If you own a pet, you may wish to make some arrangements in the will for the pet, since your spouse will not be around to take care of it.

5. Update your incapacity documents. As with your will, you are going to have to revise your choice of representative for both financial decisions and health-care decisions. Resist the temptation to name all of the children to all of the roles, and give some real thought to who can best do the job the way you want it done.

6. Update your private pension plan. Make sure you contact any pension plan to which you or your spouse belong, to let them know about your spouse's passing. You will be asked about who should be named as beneficiary of the pension plan if there is a benefit that will pay out on your death.

7. Update your joint bank accounts and investments.
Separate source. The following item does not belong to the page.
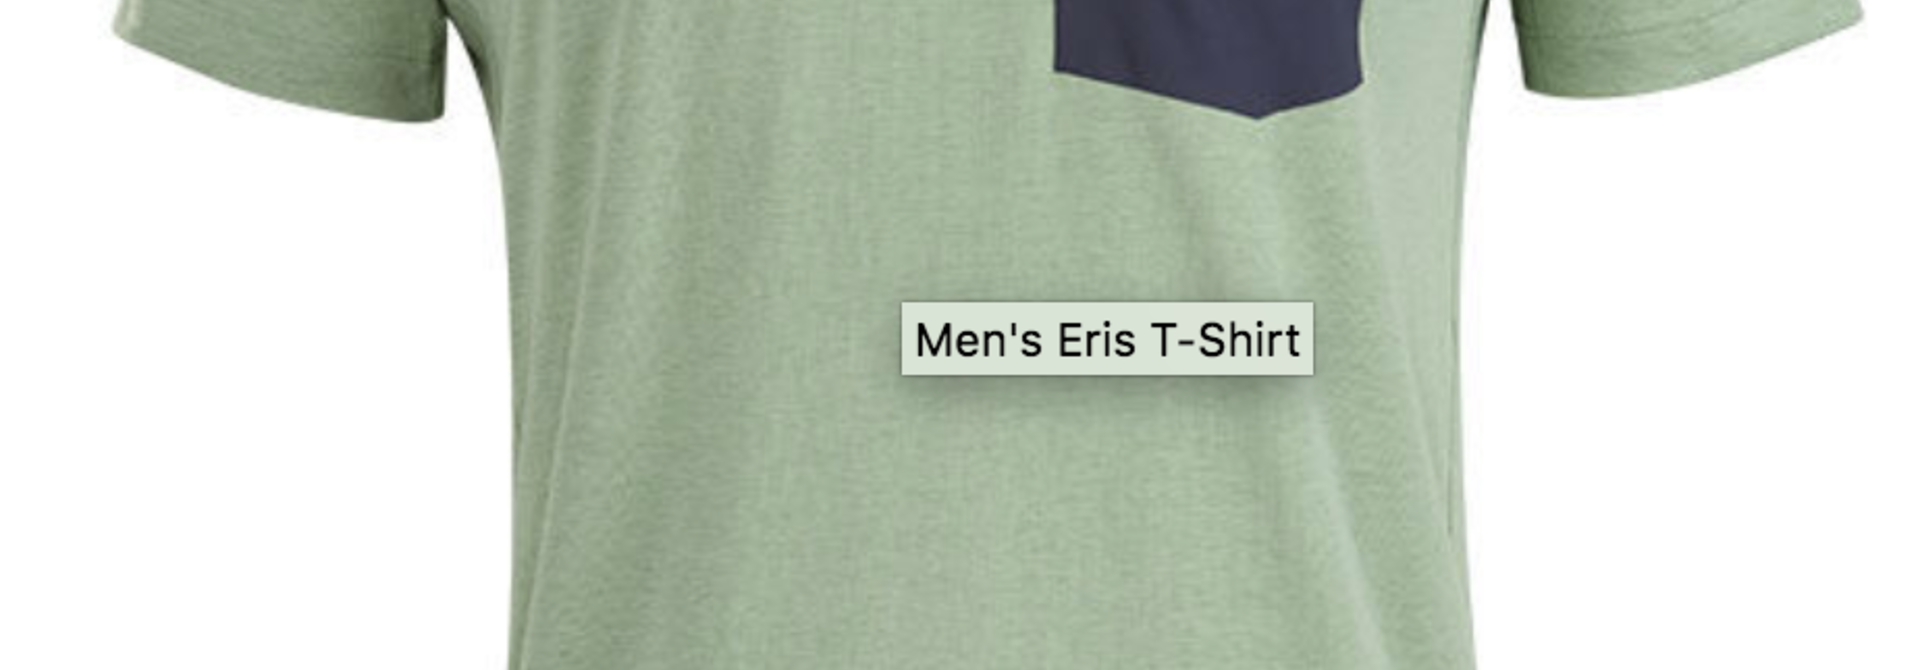 Men's Eris T-Shirt

If you and your spouse held non-registered accounts together, advise your bank or financial advisor of your spouse's passing. It is not difficult to have the name on the account changed while you are alive, but it may become problematic if you pass away yourself while your spouse's name is still on the accounts. In addition, it's important for tax reasons that income on the accounts be allocated to the proper person.

8. Start preparing a written list of your real estate titles, insurance policies, accounts, prescriptions, doctors, safe deposit box locations, passwords, and other vital information. You may find it convenient to use a booklet published for that purpose (click here to get one). This will be very helpful to your executor when the time comes, but it may also be a Godsend if one of your children ends up acting under a power of attorney on your behalf.

Saturday, May 2, 2015

When parents get older, sometimes the vultures win

Here is a question that I'm asked often, in various forms. I have to say, it's my absolute most-disliked question, because I feel that the parents of those asking have lost all autonomy and are losing their basic legal rights. I know right now that this answer is going to be a rant...

Here is the question: "Is it possible to liquidate part of an estate before death if both beneficiaries agree to it?"

My answer is simple: No, of course it's not possible. Not legally, anyway.

How could it be possible if the person who owns it is still alive? Nobody is a beneficiary while the person is still alive. The "beneficiaries" have no legal right to anything.

The will that apparently names these two as beneficiaries says that they get something when the owner of it dies. Since the owner hasn't died, the will isn't in effect yet and they're not beneficiaries yet. Call me judgmental, but it upsets me to see people trying to get their inheritance before the owner has even passed away.

The question is usually posed innocuously as a mere request for legal information. However, the thought process behind the question should be examined more closely. It's usually along the lines of "I'm going to own it one day anyway, so I'll just take it now." Why are the kids so often able to rationalize jumping the gun this way? Is it really reasonable that a person might have the right to take someone else's property or money just because that person is old? It bothers me that instead of thinking of ways to protect the parent who is elderly or sick or frail, the family members are thinking about material gain.

If one of the "beneficiaries" has Power of Attorney for this person and thinks that gives them the right to liquidate assets for the beneficiaries, they are wrong. A POA  may legally sell property owned by the older person but it must be keep invested in that person's name while that person is alive. The "beneficiaries" simply can't have it. Period.

The unfortunate part about the fact that two people appear to be complicit in the idea of stealing some property from someone, probably a parent, is that they may get away with it. When there's nobody out there who cares more about the parent than the assets, sometimes the vultures win.